For instance you can create `my_server.py` with:

```python
from simple_ai.server import app
from fastapi.middleware.cors import CORSMiddleware

def add_cors(app):
    origins = [
        "http://localhost",
        "http://localhost:8080"
    ]
    app.add_middleware(
        CORSMiddleware,
        allow_origins=origins,
        allow_credentials=True,
        allow_methods=["*"],
        allow_headers=["*"],
    )
    return app

def serve_app(host="127.0.0.1", port=8080, **kwargs):
    app = add_cors(app)
    uvicorn.run(app=app, host=host, port=port)
    
if __name__ == "__main__":
    serve_app(host="127.0.0.1", port=8080)
    
```

And run it as `python3 my_server.py` instead.

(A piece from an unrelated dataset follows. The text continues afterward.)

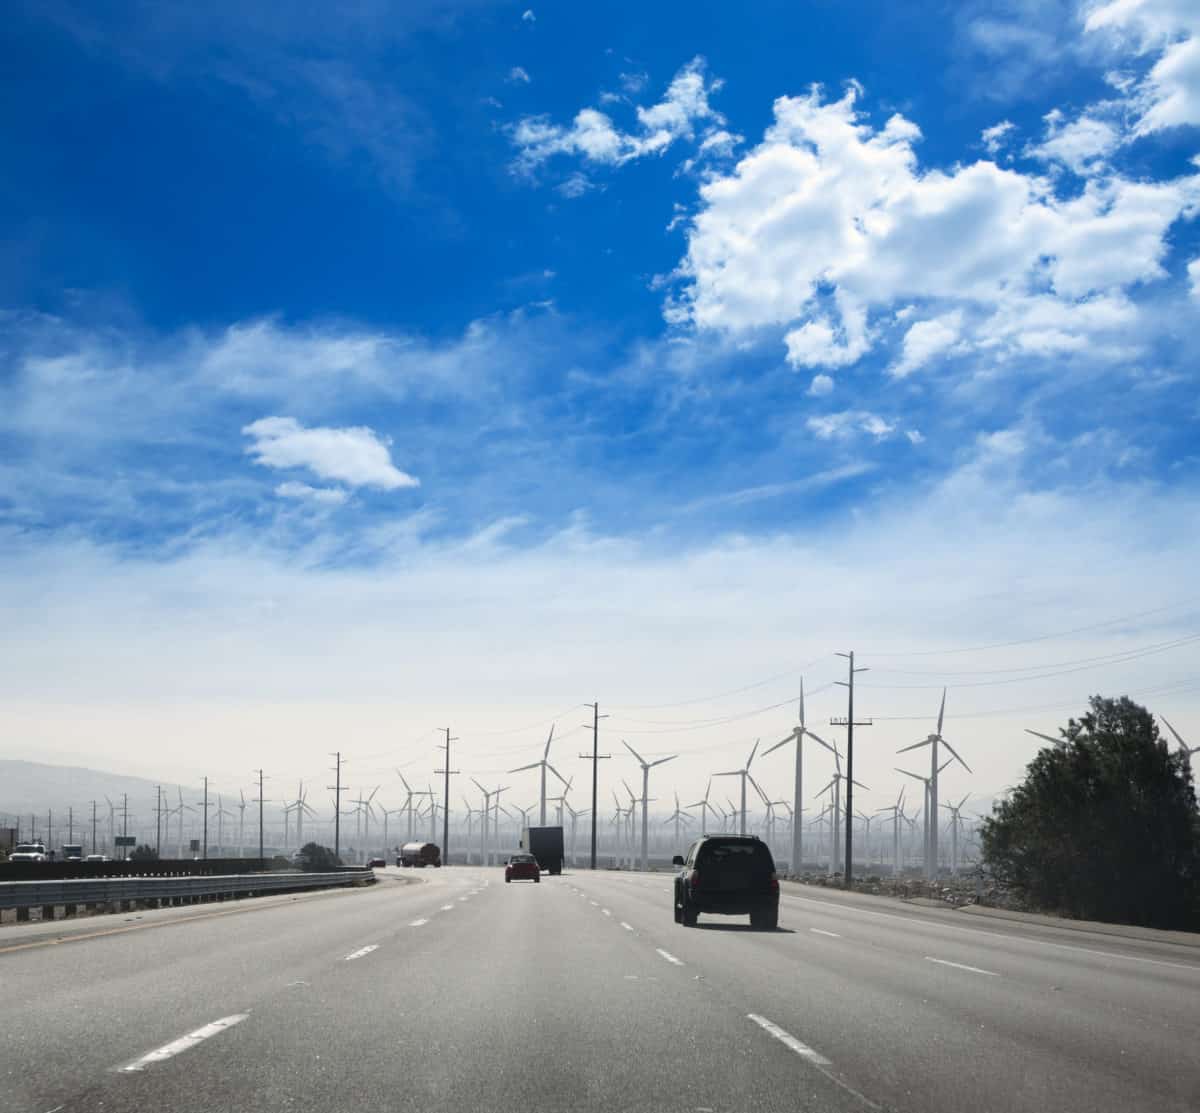 California Road With Electric Windmills Aerogenerators And Traffic. - California View

### I needd `/v1` prefix in the endpoints

Some projects have decided to include the `/v1` prefix as part of the endpoints, while OpenAI client includes it in its `api_base` parameter. If you need to have it as part of the endpoints for your project, you can use a custom script instead of `simple_ai serve`:

```python
import uvicorn
from simple_ai.server import app as v1_app
from fastapi import APIRouter, FastAPI

sai_app = FastAPI()
sai_app.mount("/v1", v1_app)

def serve_app(app=sai_app, host="0.0.0.0", port=8080):
    uvicorn.run(app=app, host=host, port=port)
    
if __name__ == "__main__":
    serve_app()
    
```

## Contribute

This is very much work in progress and far from being perfect, so let me know if you want to help. PR, issues, documentation, cool logo, all the usual candidates are welcome.

### Development Environment

In order for the following steps to work it is required to have make and poetry installed on your system.

To install the development environment run:
```
make install-dev 
```

This will install all dev dependencies as well as configure your pre-commit helpers.